32 I mention for completeness that, even if it is arguable that some of the failures that occurred in 2001 were caused by defects in the units for which Helios was responsible, so that Major might be entitled to recoup its repair costs attributable to those faults, there was no attempt before us, or below, to show that any particular portion of the agreed $30,000 reflected the repair costs that related to particular failures for which Helios was arguably responsible.

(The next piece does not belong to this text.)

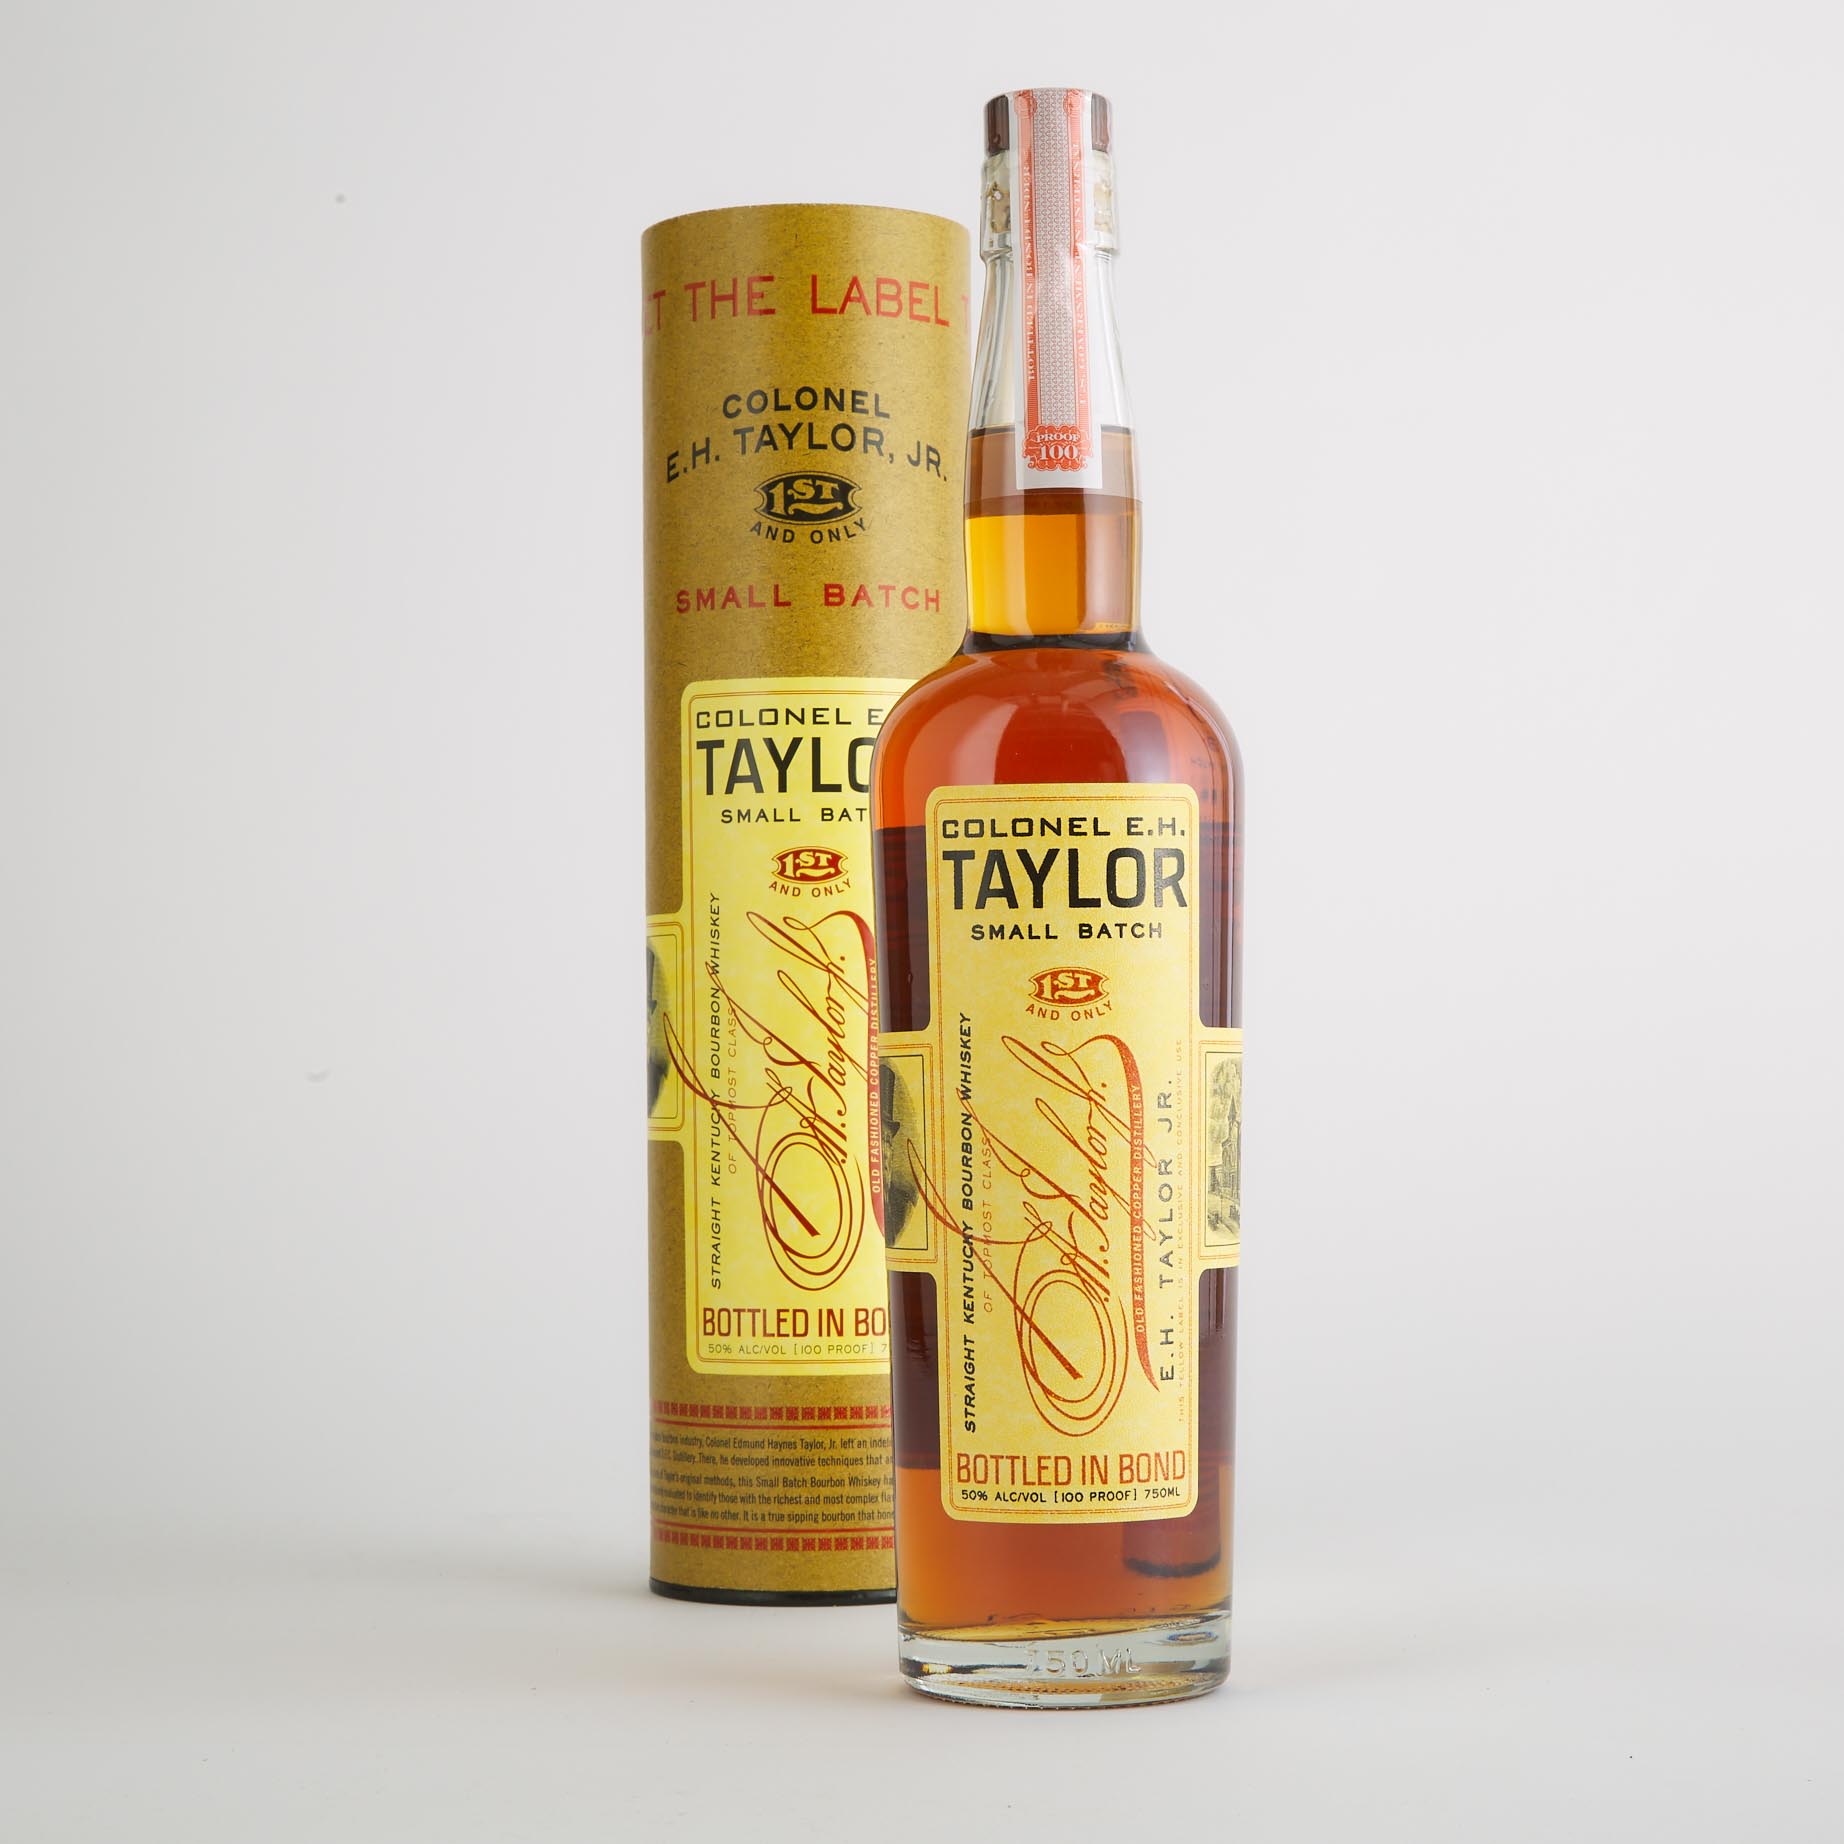 COLONEL E.H. TAYLOR JR. SMALL BATCH STRAIGHT KENTUCKY BOURBON WHISKEY (ONE 750 ML)

That is unsurprising given that, as I have explained, Major adopted a broad brush approach to its case on the counter-claim, claiming that it was entitled to recoup the repair costs in respect of the 2001 breakdowns because the units would have failed in any event.
33 In the circumstances, I consider that his Honour's orders that there be judgment for Helios and that Major pay its costs of the claim and counter-claim should be set aside. I would also set aside his Honour's certifications in paragraphs 4 to 7 of the order and, subject to hearing the parties, I would make no order as to costs of the trial or the appeal.